After five years of drought, Rancho Mission Viejo revived its annual roundup
By Jan Siegel
As we get ready to celebrate another Swallows Day Parade, it is important to remember the three R’s that are part of the San Juan Capistrano landscape: ranchos, roundups and rodeos. All three are still around because of Rancho Mission Viejo.
This year, the Ranch celebrated its 135th year by bringing back the cattle roundup. It had been five years since the last one because of the drought conditions. Cattle were sent to Colorado because there was no grazing for them at the Ranch. But this year they were able to stay home. Although the herd is much smaller than in past years, the tradition of the roundup was still in full swing.

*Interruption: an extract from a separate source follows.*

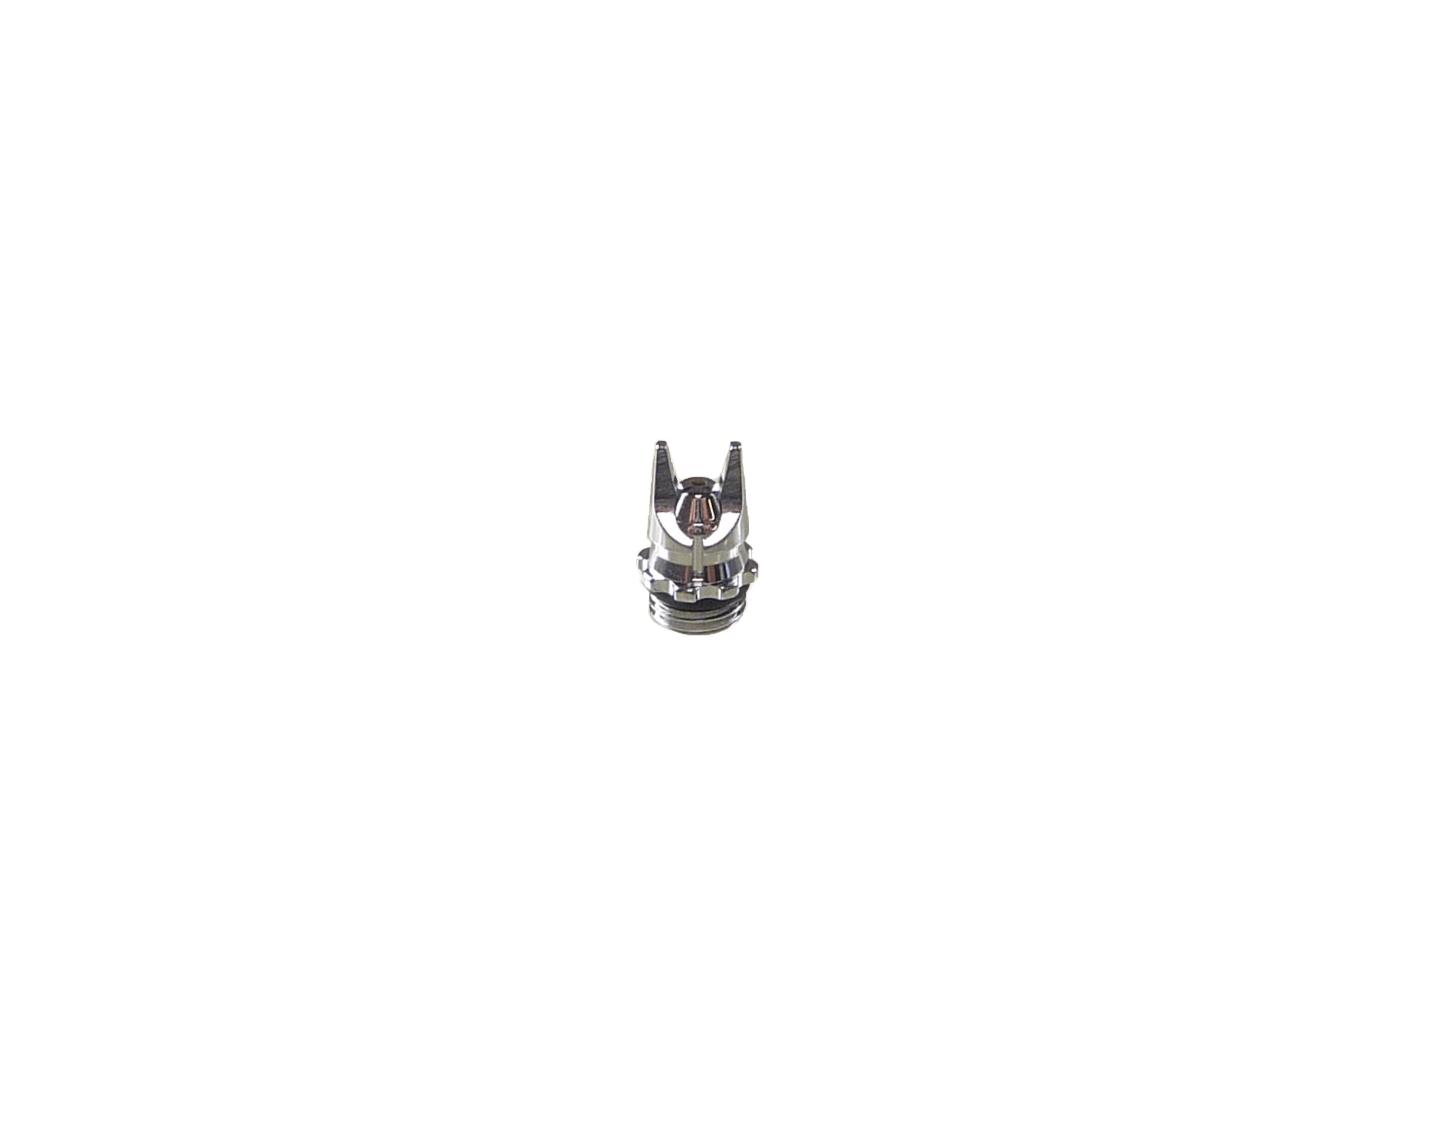 Harder /& Steenbeck Fineline CRPlus 0.4mm Air Cap # 126794

Several hundred members of the community were invited to the festivities. The hardest part of the branding is separating the calves from their mothers, but the process is quick. Each calf is vaccinated and branded before being reunited with their mothers.
In a 1993 Los Angeles Times article, Gilbert Aguirre, who headed the Ranch’s ranching operations at the time, said, “branding has changed very little over the years. The only modernization is better vaccines and better horses.”
The main goal of the roundup is not to harm the calf. The calf represents real money, so care is given to cause them as little stress as possible. In that same Los Angeles Times article, Tony Moiso, who heads Rancho Mission Viejo, was quoted saying, “I am a rancher first. I am proud of perpetuating ranching in Orange County.” That comment is still true 24 years later.
The Ranch is also famous for its annual rodeo, which is held every August. The event is the richest two-day rodeo in the country. After the prize money is distributed, the proceeds from the rodeo help support local charities, including some in San Juan Capistrano.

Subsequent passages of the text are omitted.